Big thank you from Lisburn.com

When the passengers complained trains were on time

The Rambler 31/01/2003

PRE-WAR, when the Belfast trams were overcrowded with shipyard commuters, the railways also had workmen clinging to the tail of guard vans.

As the green flag went up, and the whistle trilled, inevitably there were some tardy passengers abandoning their 'bone-shaker' bikes on the station platform and leaping aboard at the last minute.

At Moira Isaac McClure and his helper knew all their patrons by name, and good humouredly picked up the bikes and stowed them in the shed. No locks were needed in those days and even the checking of tickets was very perfunctory. Staff had a kind of intuition and they could have easily singled out a likely fraudster in the sort of family ethos which prevailed.

For that reason when a man from the GNR's office at Adelaide moved out of the city, at the time of the air raids in 1941, and took up residence near Carlisle's railway tavern, his carnapious behaviour soon rocked the boat at the local station.

If the guard allowed a minute's grace to a couple of late arrivals, 'yer man' (we will call him 'the Big Bug') shot out his neck and threatened to report the guard to Jim Howden, the general manager, for not getting the train out on time.

The second morning on which that happened led to an ugly flare up.

One of the regulars took a swipe at Big head and sent the brat's bowler hat spinning across the platform.

Of course, verbal threats of legal action for assault erupted but when 'the defence' numbers grew, Big Bug retreated and quickly took his seat in a first class compartment.

What he didn't anticipate was the counter action.

He regularly fell asleep on the late homeward journey, sometimes in a third class coach.
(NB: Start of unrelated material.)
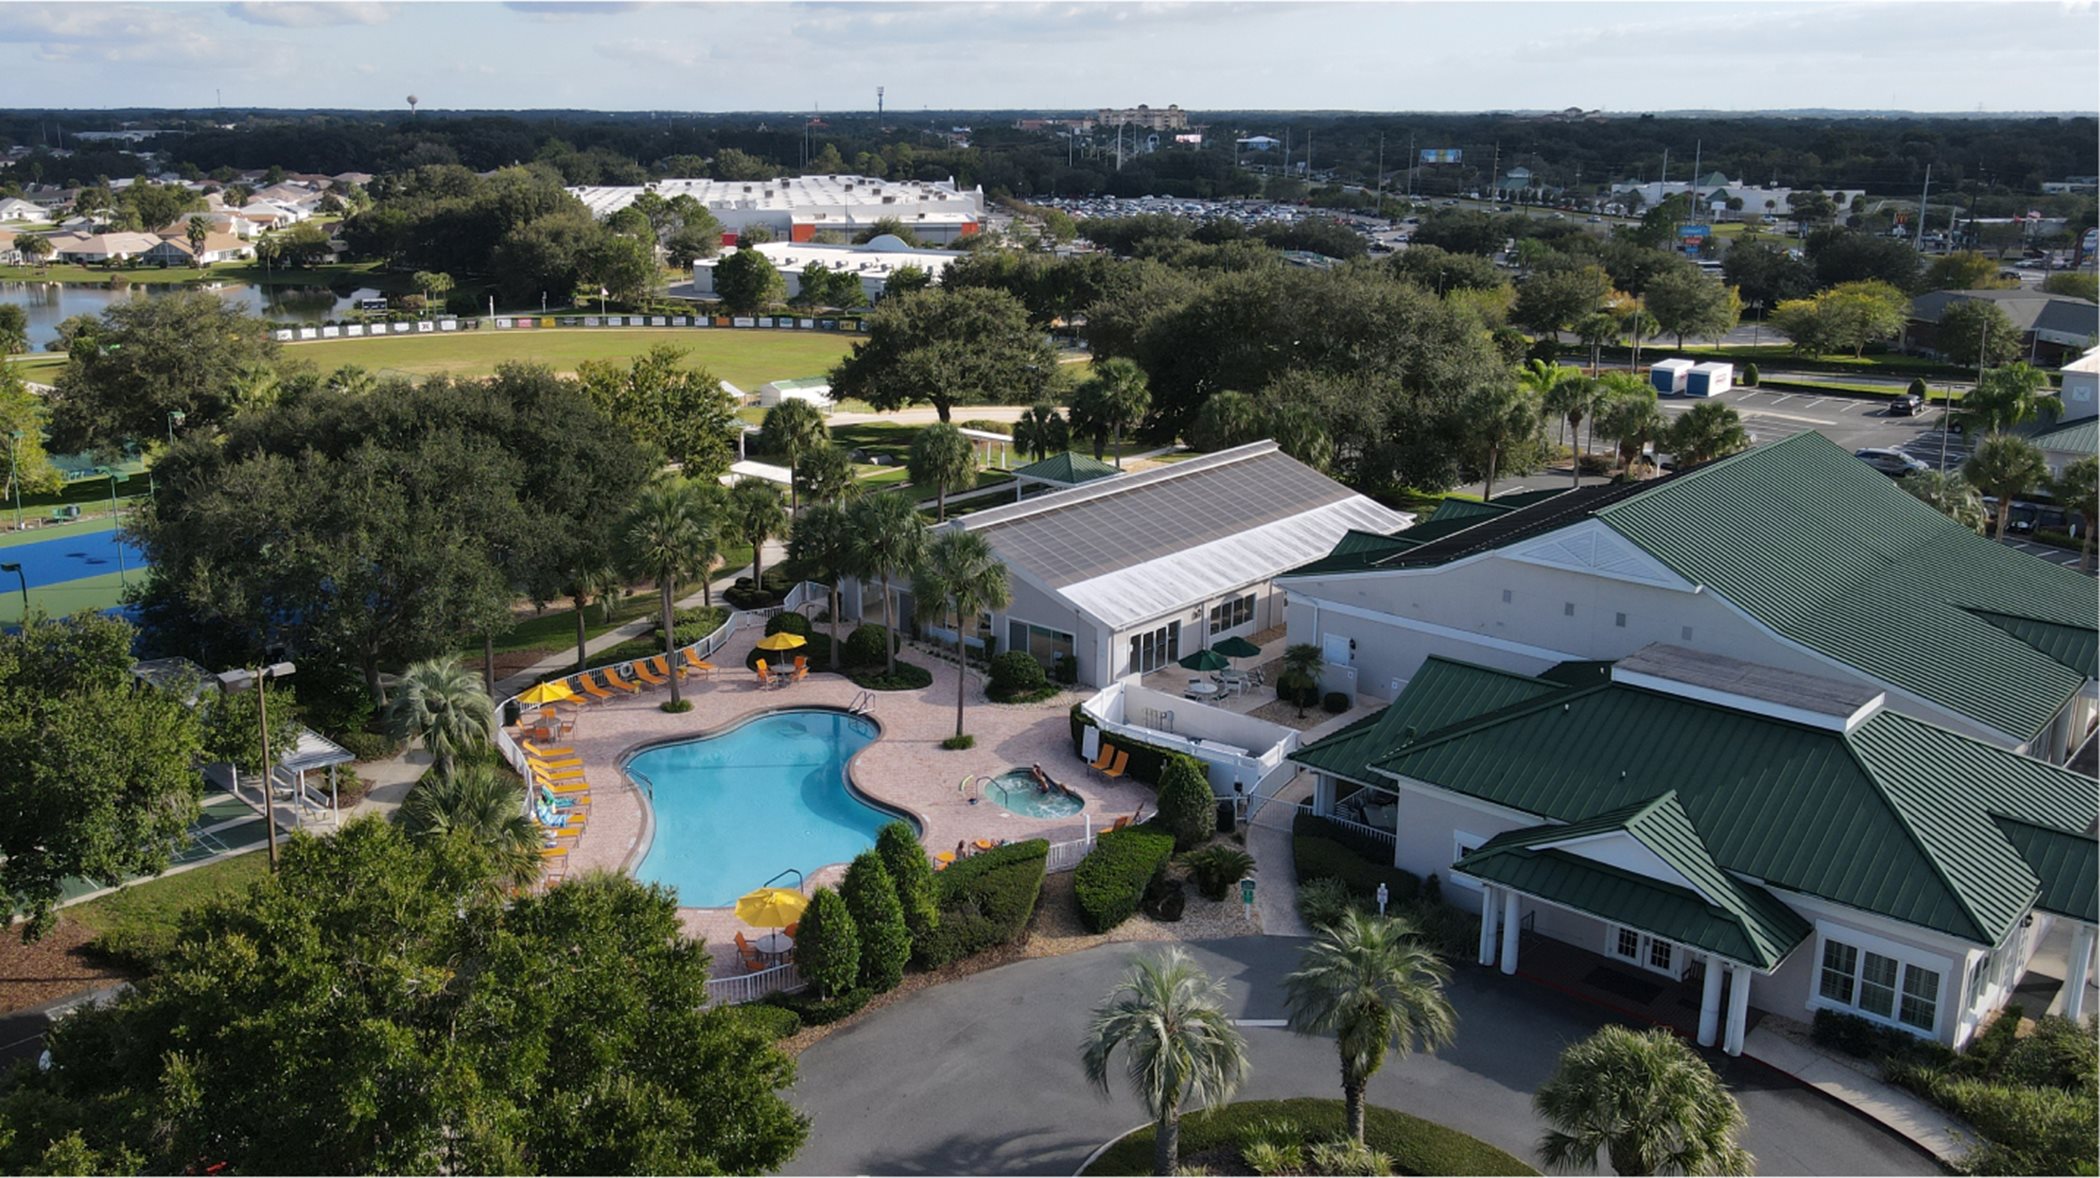 Drone shot of clubhouse pool and hot tub
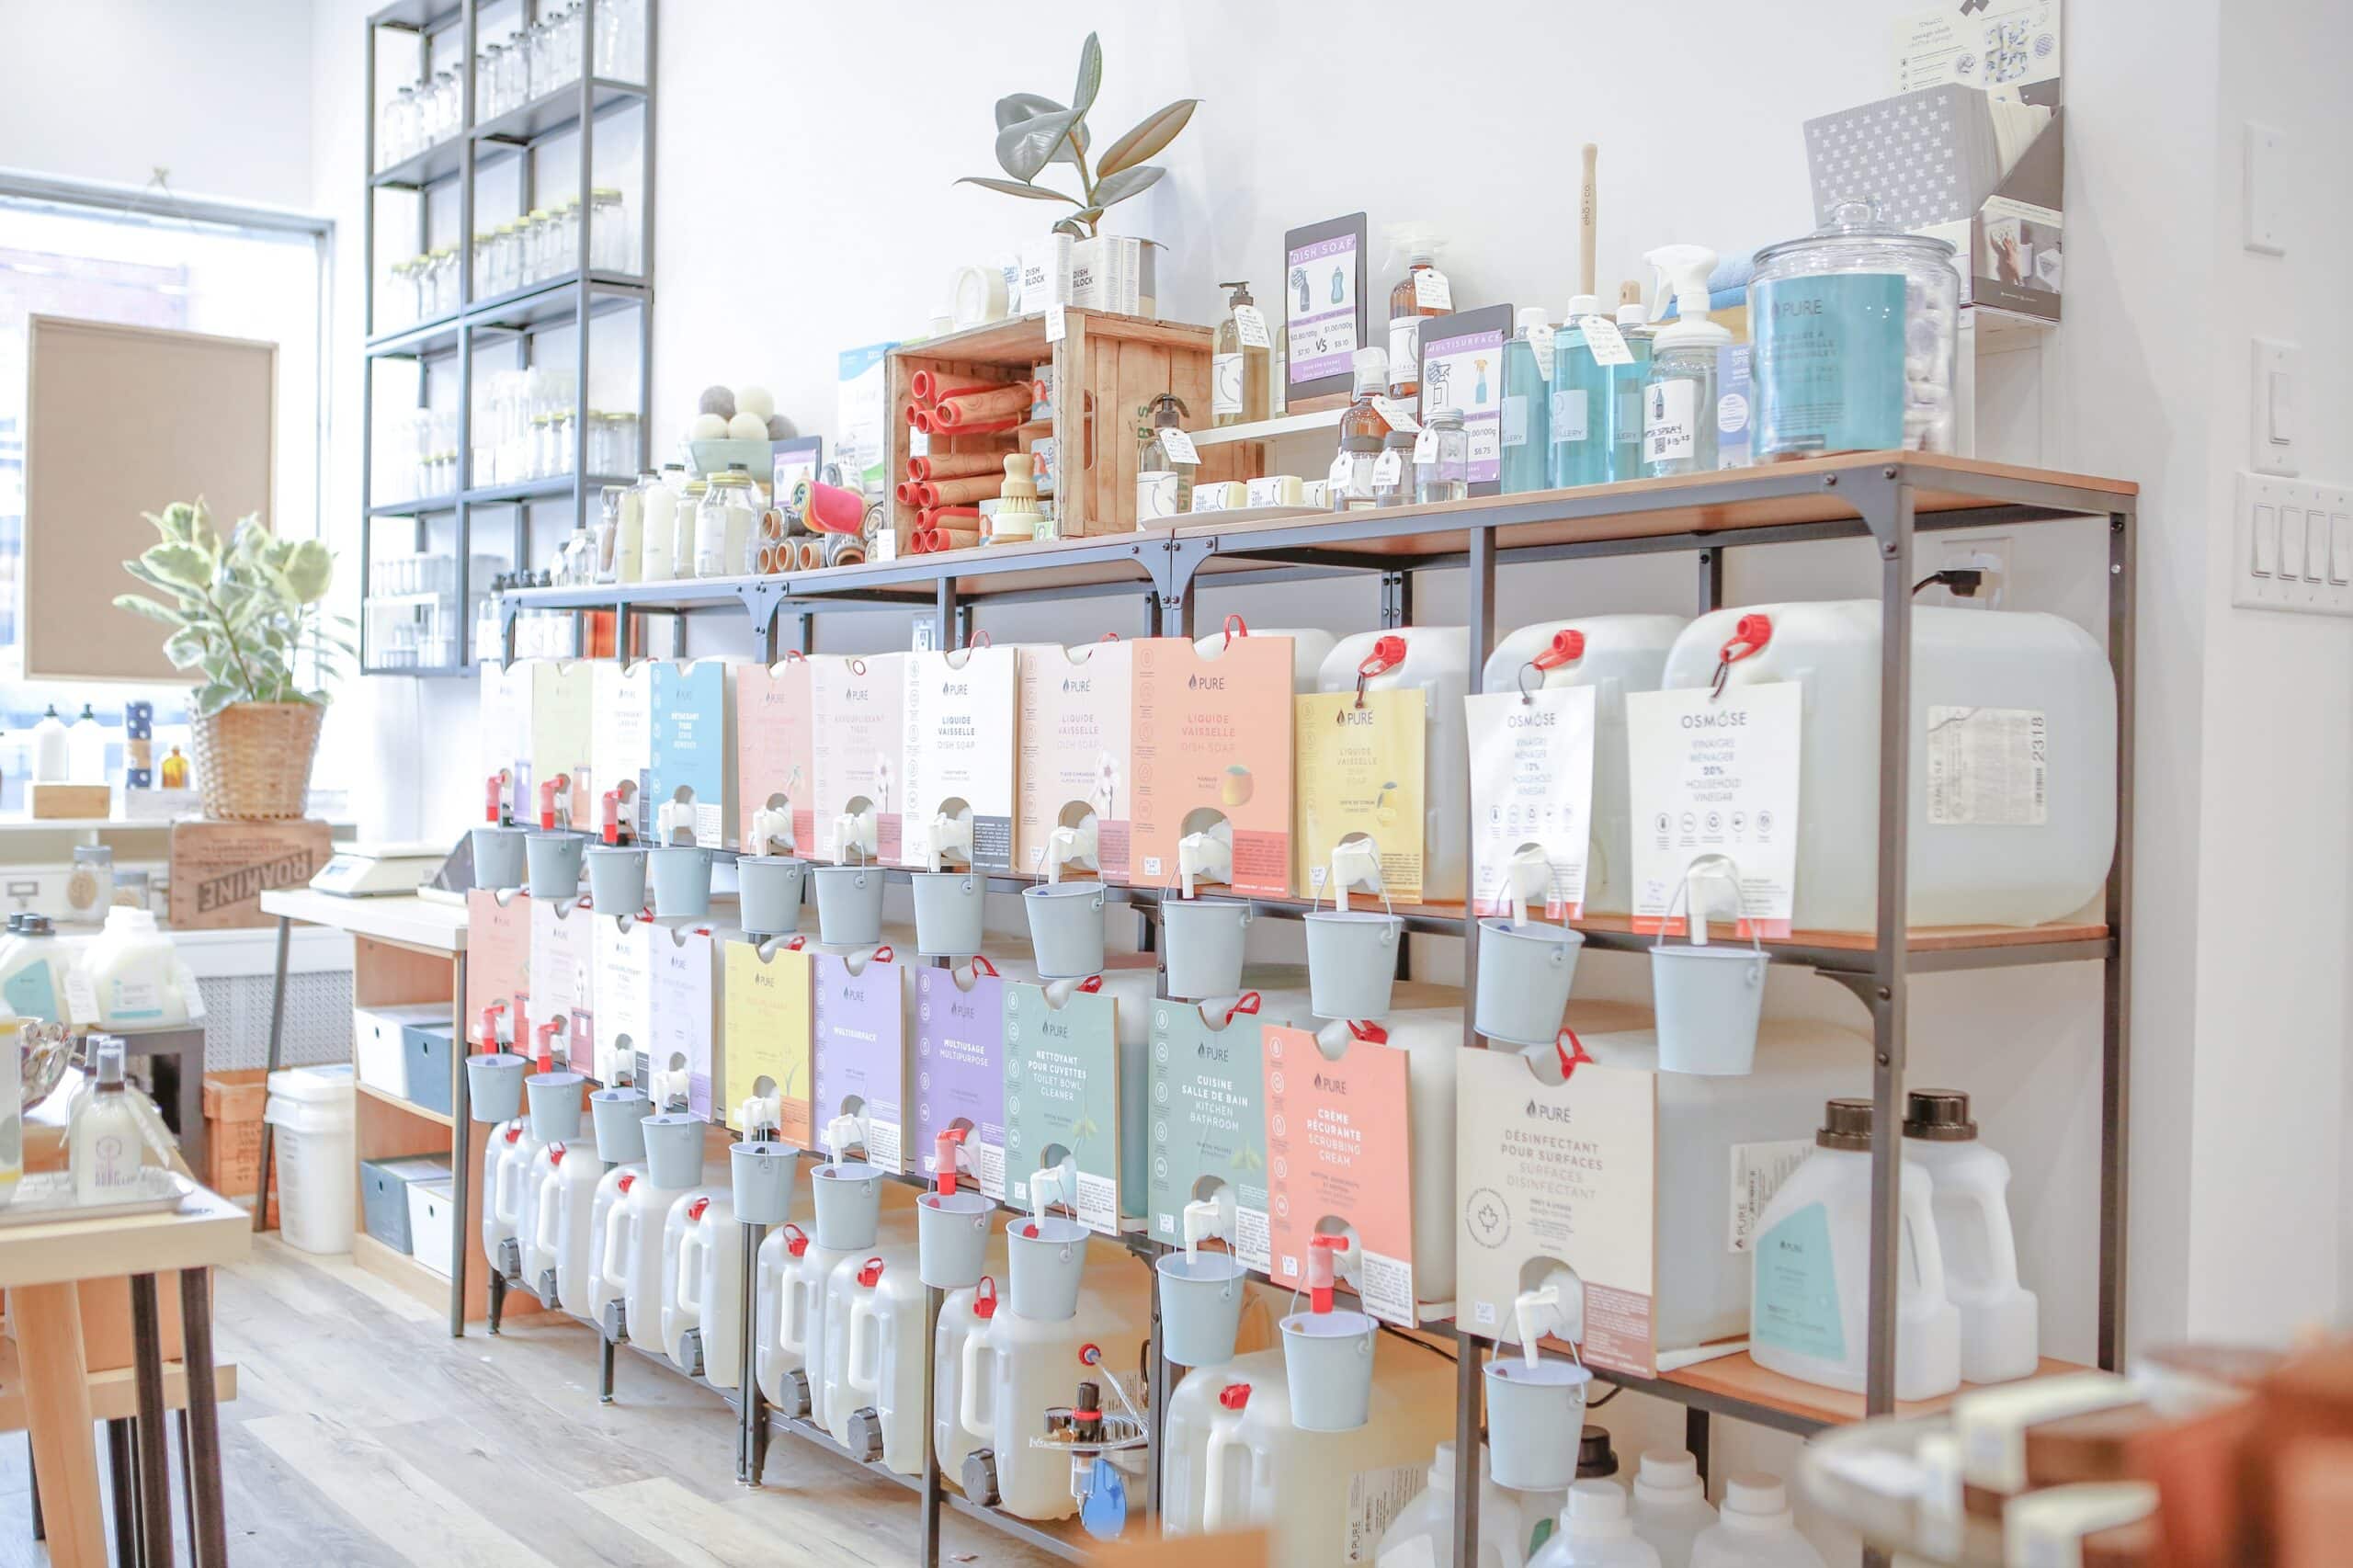 Display of lines of large jugs in The Keep Refillery, a Toronto store that sells personal care and home products in refillable containers to reduce their carbon footprint and packaging waste.

As soon as he hit the seat his tonsils began to gurgle and he was dead to the world.

In wartime black-out days train lights were dim and unmanned halts at Damhead and Broomhedge were virtually black holes.

One night the regulars who had it in for Big Bug concocted a ruse.

At Damhead, when the train halted briefly, they jumped up yelling 'Moira, Moira' and leapt out -but only to jump aboard an adjoining coach.

As anticipated, Big Bug jumped out after them rubbing his eyes. The train, at around 11:30pm, pulled out, and yer man was left stranded on an empty halt several miles from Moira.

He was half-way home on foot before he managed to hitch a lift!

They say that he minded his own business thereafter, even if an early morning workmen's train was a few minutes late in pulling out.

Regular commuters included an elderly near-neighbour of mine Tom Johnson, who had travelled the same route on a bike for all his working life. He was a paragon of punctuality - never late and entirely unfazed by disputes about the guard's decisions.

As a rookie, I immediately recognized my neighbour's dependability and happily fell in alongside him any time I overtook him.

As a result, I got a heck of a shock one morning when I spied the train from the crest of Chestnut Hill, fast approaching the station.

I can assure readers it was a case of heads down and full speed ahead as 'wee Tommy' and I belted to the platform. Incredibly Tommy had been late! Not long after he was missing and we learnt that he had retired.

He had wrought for a lifetime as a tradesman with the GNR at Adelaide where the boy with the inflated opinion of self-importance had also worked in a white-collar capacity.

Two decades or so ago when I travelled on the Enterprise I had the pleasure of greeting an old classmate, Isaac McClure II, in his role of station master at Portadown.

He had followed in his Dad's footsteps, career-wise, but, unlike the old man he had had access to further education.

As well, he had had the example of an outstanding public servant whose popularity at Moira station had been unsurpassed.

I salute the memories of father and son.